▶ **Dataset content**:
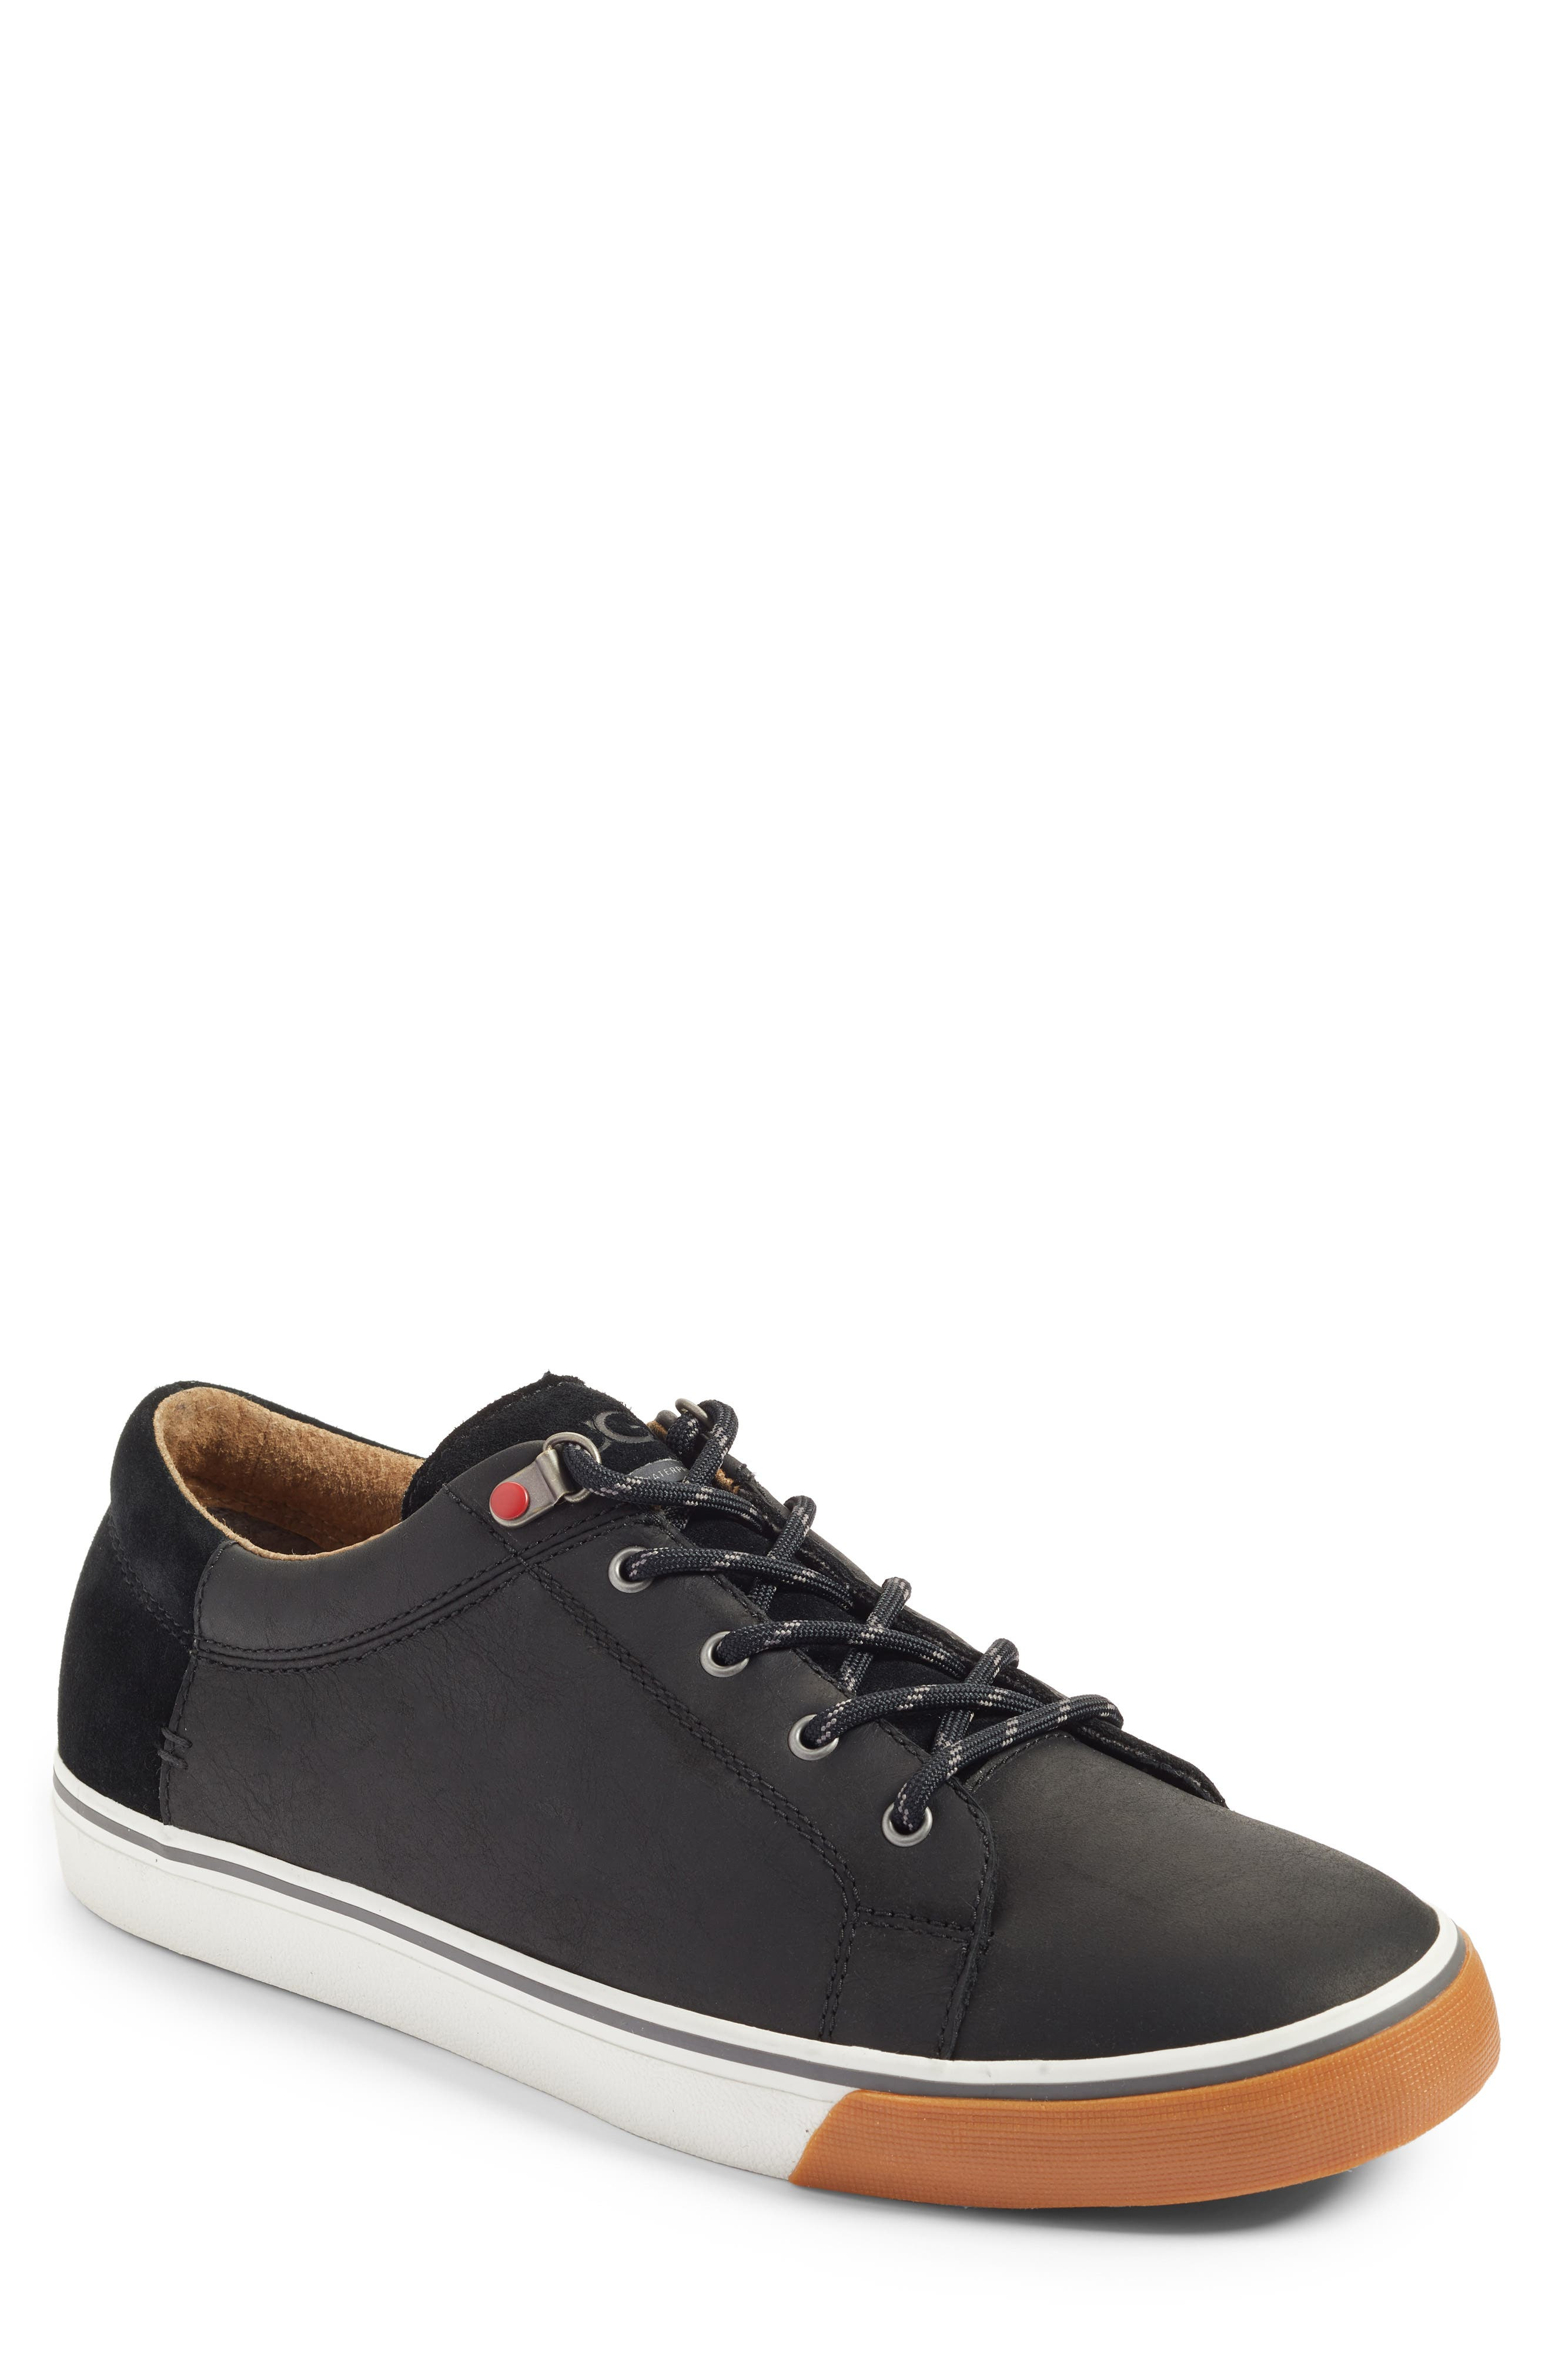 Brock Sneaker,                         Main,                         color, 001
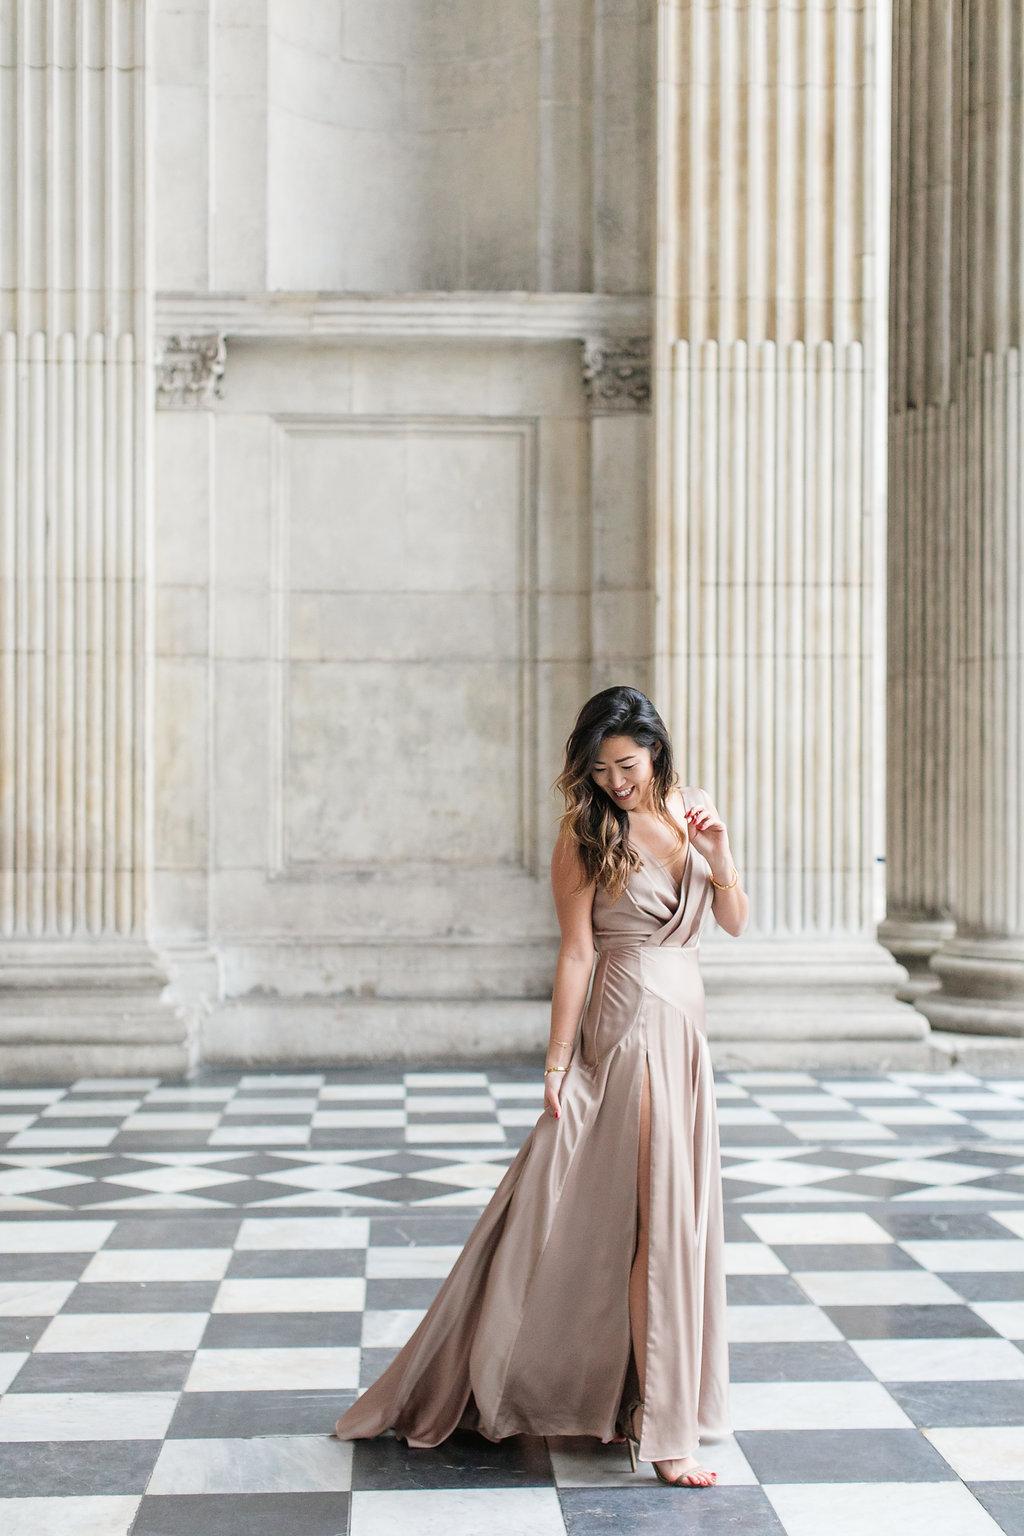 Felicia Stylechine
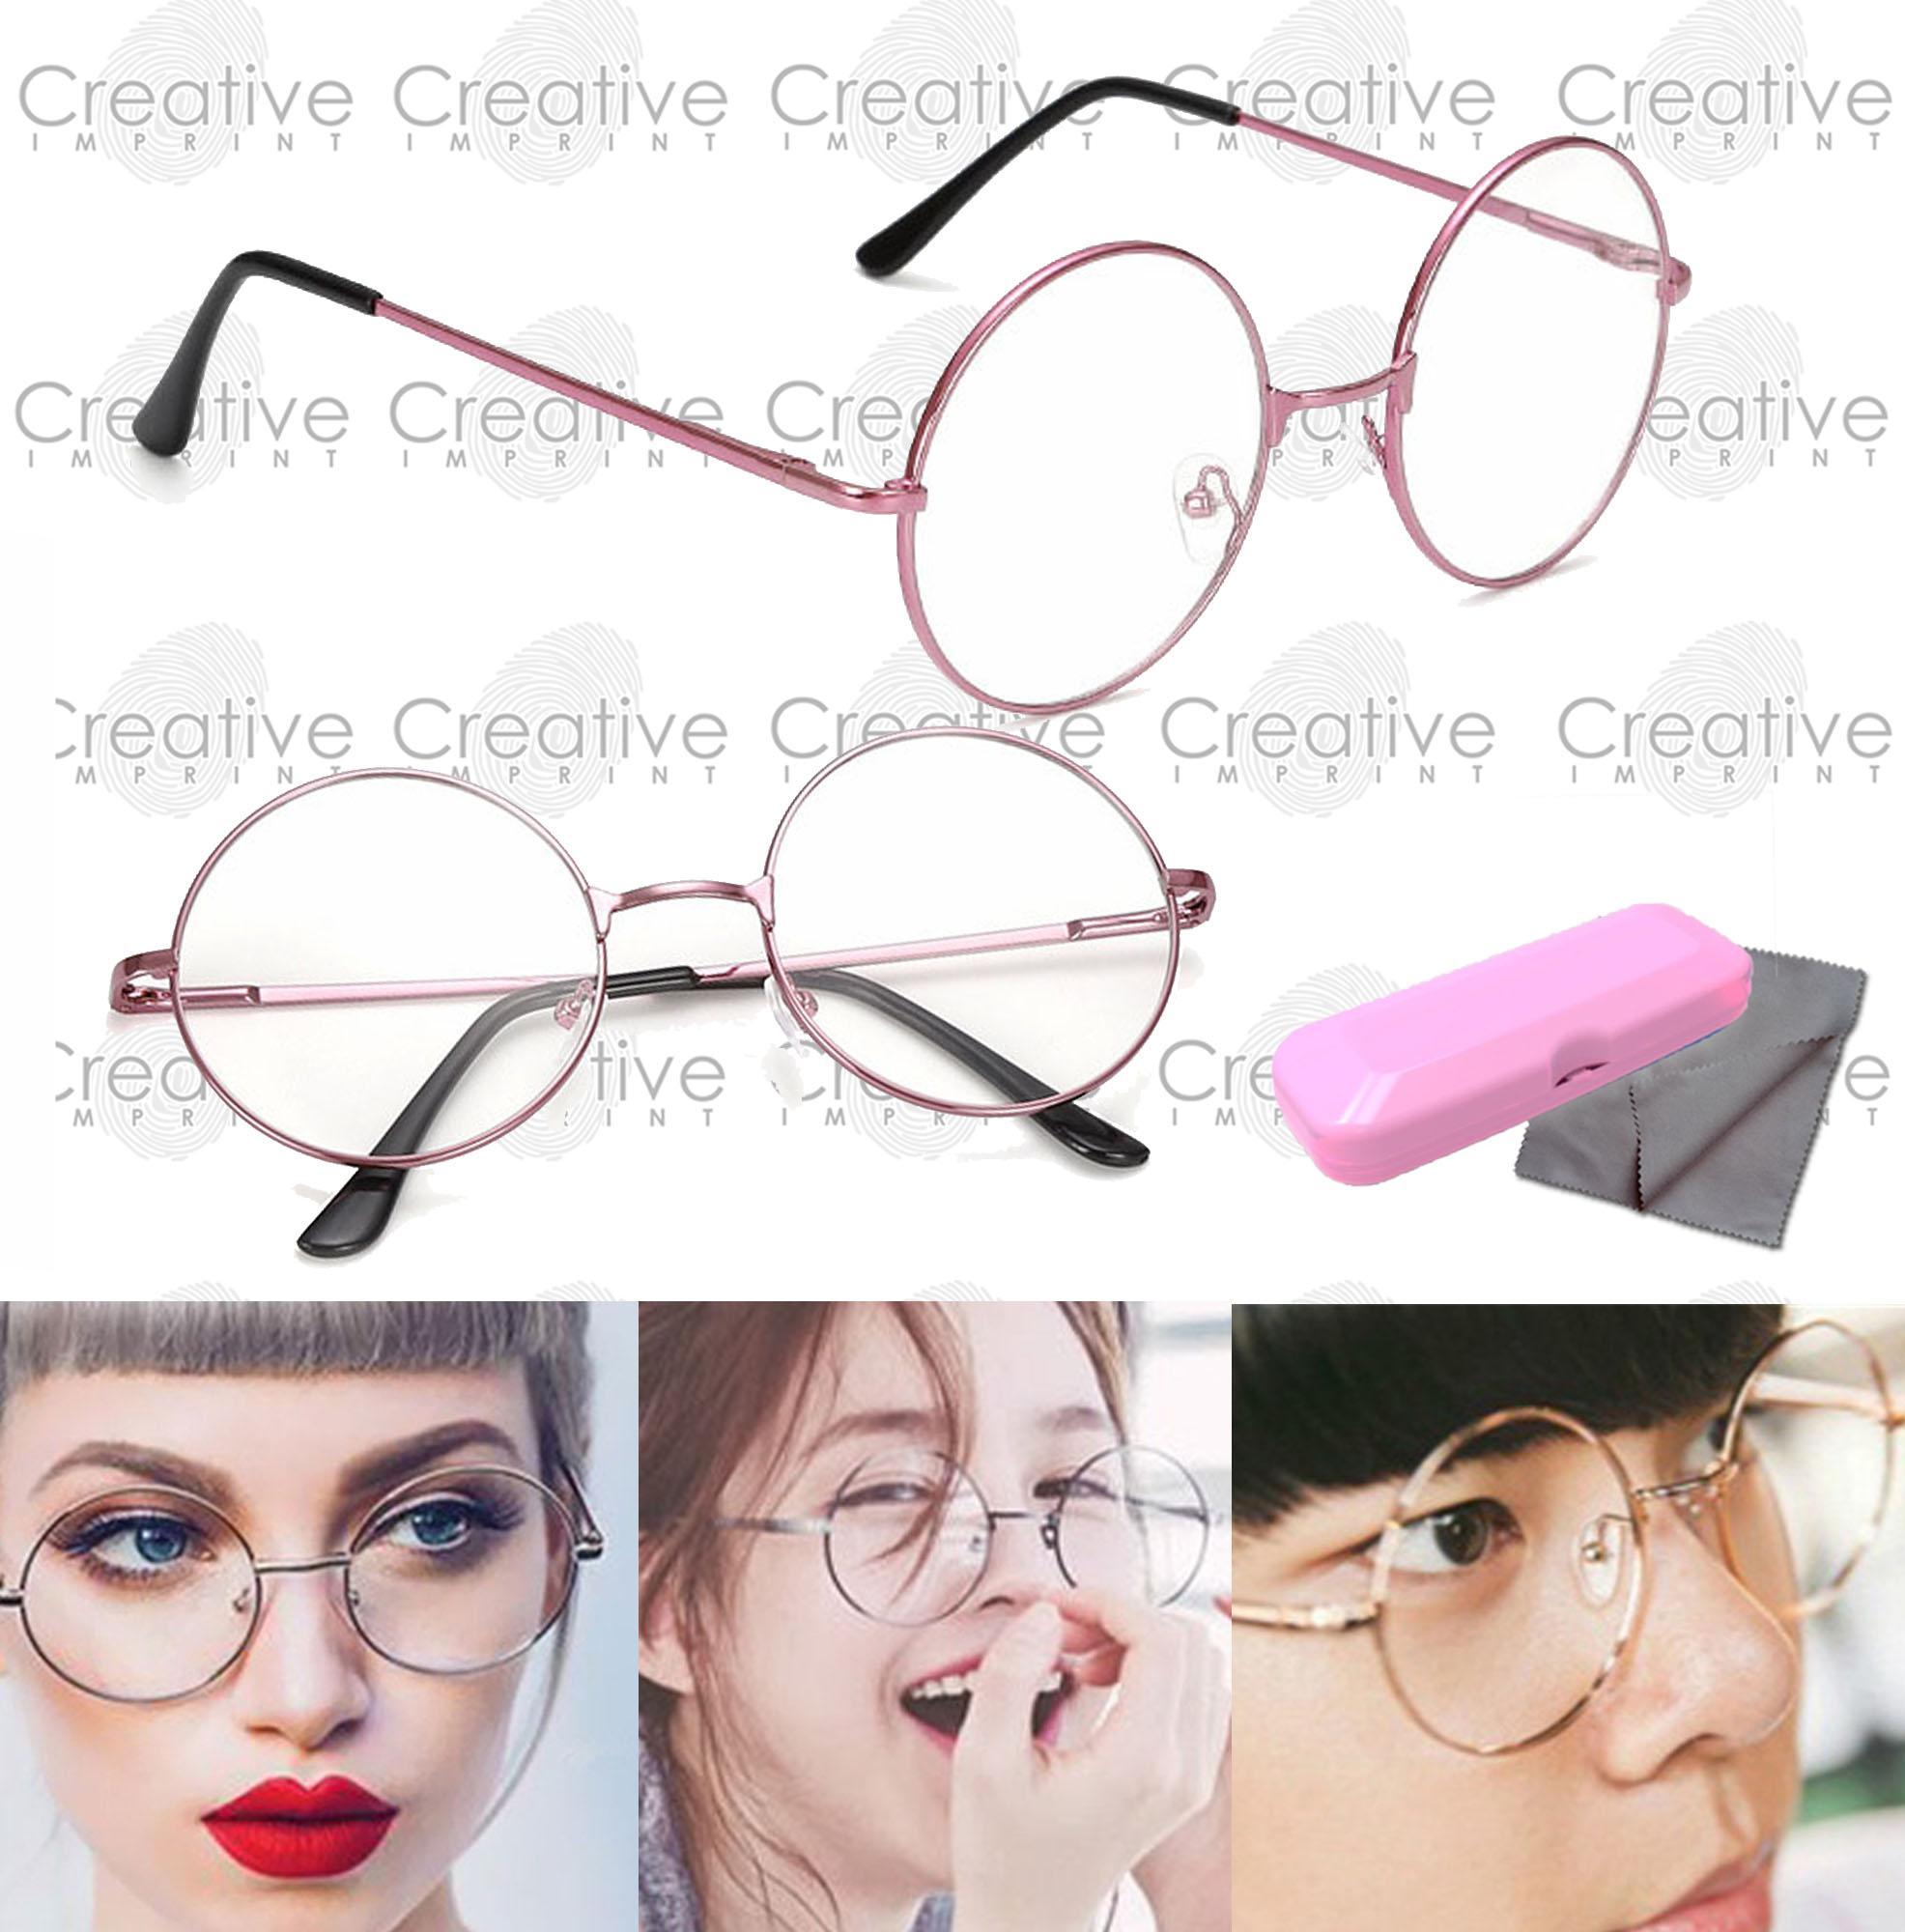 b2ca79562ee Creative Imprint Retro Round Clear Specs (Pink Frame) Flat Lens Eyeglass  Trendy Harry Potter

▶ **What is being asked**: Repeat the data above exactly, images excluded.

▶ **Solution for this exercise**:
 Brock Sneaker,                         Main,                         color, 001
 Felicia Stylechine
 b2ca79562ee Creative Imprint Retro Round Clear Specs (Pink Frame) Flat Lens Eyeglass  Trendy Harry Potter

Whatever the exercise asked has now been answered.